Every knowledge system depends on labor that its output conventions systematically conceal. In Schaffer's historical studies, this includes Robert Hooke building and operating Boyle's air pump while receiving no credit in published reports; David Kinnebrook performing astronomical observations that were attributed to the Astronomer Royal; and legions of human 'computers'—mostly women—performing mathematical calculations published under astronomers' names. The invisibility is produced by social conventions, not technical necessity: the gentleman's name appears on the published observation because gentlemanly status confers credibility, while the assistant's technically superior skill is epistemically irrelevant. Applied to AI, the framework reveals strata of invisible labor: millions of creators whose work was absorbed into training data without consent or compensation; data labelers in Kenya and the Philippines earning under two dollars per hour to categorize content; content moderators suffering psychological harm from reviewing toxic material. The smooth interface presents AI as autonomous intelligence; the social machinery of its production remains hidden.
Schaffer's excavation of invisible labor challenges the mythology of individual discovery. The air pump experiments that established Boyle's reputation required Hooke's unacknowledged mechanical genius. Newton's optical experiments required instrument makers whose glass-grinding skill Newton relied upon but did not credit. The Greenwich Observatory's published stellar positions required assistants whose personal equation—the systematic delay between observation and recording—was treated as error rather than as contribution. In each case, the conventions of scientific publication attributed knowledge to the director while erasing the workers who made the knowledge possible.

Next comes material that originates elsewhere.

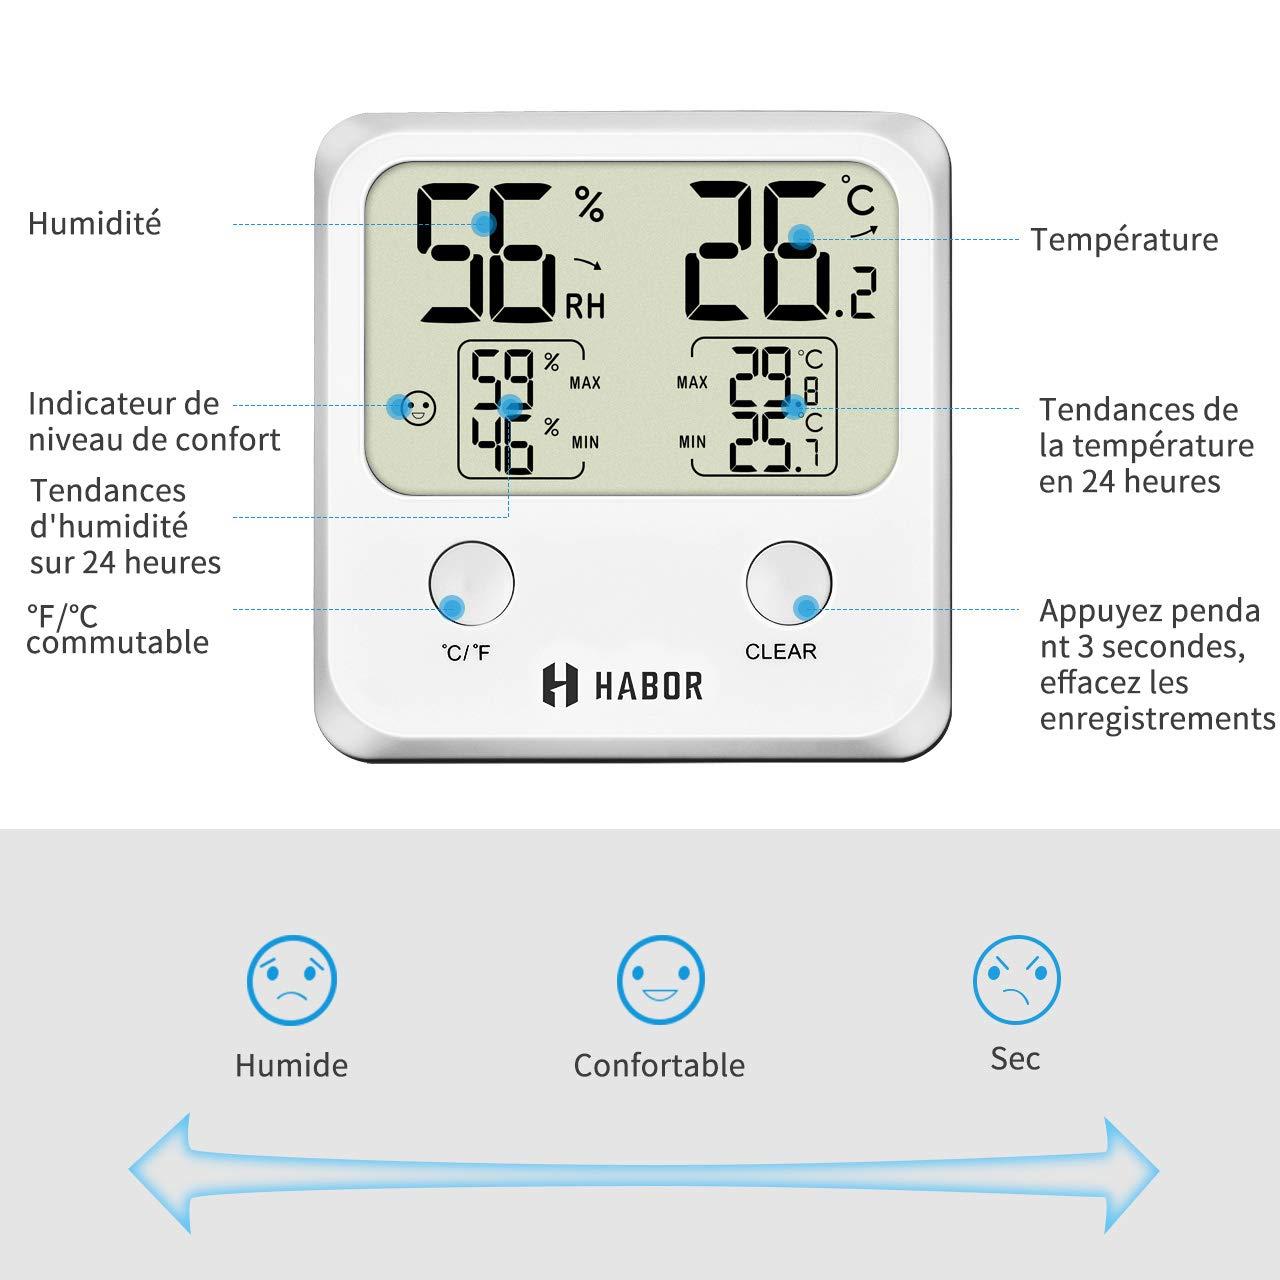 Jauge de Thermometre sans Fil de Haute Precision Habor 【Garantie de 18 Mois】 Thermom/ètre Hygrom/ètre Num/érique Hygrometre Numerique dinterieur

The pattern extends beyond individual laboratories into industrial-scale knowledge production. Babbage's calculating engines, celebrated as mechanical minds, were designed to replace human computers—workers, predominantly women, who performed mathematical calculations by hand at wages reflecting their work's social devaluation. The engines were intelligent precisely because the human labor they mechanized had been socially positioned as unintelligent—mere mechanical drudgery requiring no genuine thought. The attribution of intelligence to the machine depended on the prior devaluation of the humans.
The contemporary AI industry replicates this structure with disturbing fidelity. OpenAI's content moderation workforce in Kenya—documented by Time magazine in 2023—reviewed graphic violence and abuse for under two dollars per hour, producing the labeled datasets that taught models to avoid toxic outputs. These workers are to large language models what human computers were to nineteenth-century astronomy: essential contributors whose labor is technically recognized (in training pipelines, in corporate acknowledgments) but epistemically erased (in the interface, in the attribution of capability, in the public discourse that celebrates AI as autonomous intelligence).
The social mechanisms producing invisibility have evolved but retain structural continuity. The seventeenth-century mechanism was class: the gentleman's name appeared because social position conferred authority. The twenty-first-century mechanism is geographic and economic: the Silicon Valley builder's name appears, the Nairobi data labeler's does not, because the conventions of technology discourse attribute innovation to designers while treating implementation labor as interchangeable infrastructure. The platforms where demonstrations occur, the metrics that measure success, the narratives that distribute credit—all are controlled by the communities whose labor is visible, not by the communities whose labor sustains the system.
The concept emerged from Schaffer's archival work on seventeenth-century laboratories, particularly his study of Robert Hooke's dual role as operator and natural philosopher. Hooke was Boyle's intellectual equal and arguably his superior in experimental skill, yet his contributions were systematically erased by the social conventions that reserved philosophical credit for gentlemen. Schaffer recognized this as a structural pattern: every experimental system produces knowledge through a division of labor, and the conventions of attribution systematically privilege the labor of direction over the labor of execution. The Royal Society's motto Nullius in verba ('take nobody's word for it') was belied by the practice of taking the gentleman's word while dismissing the mechanic's testimony.
Attribution conventions shape who counts. The labor that receives credit is determined by social position and institutional conventions, not by technical contribution or epistemic importance.
Invisibility is produced, not natural. The erasure of technical labor from knowledge accounts is an active social achievement requiring specific conventions, not a passive feature of how knowledge works.
Devaluation precedes mechanization. Tasks performed by low-status workers are positioned as unintelligent before machines are celebrated for performing them—the attribution of intelligence follows the labor hierarchy.
Contemporary AI replicates historical patterns. Data labelers, content moderators, and creators are to AI what human computers and laboratory assistants were to nineteenth-century science—essential but invisible.
The smooth interface is a political achievement. Making labor invisible is not a technical feature of AI but a design choice that serves the interests of those who control the interface.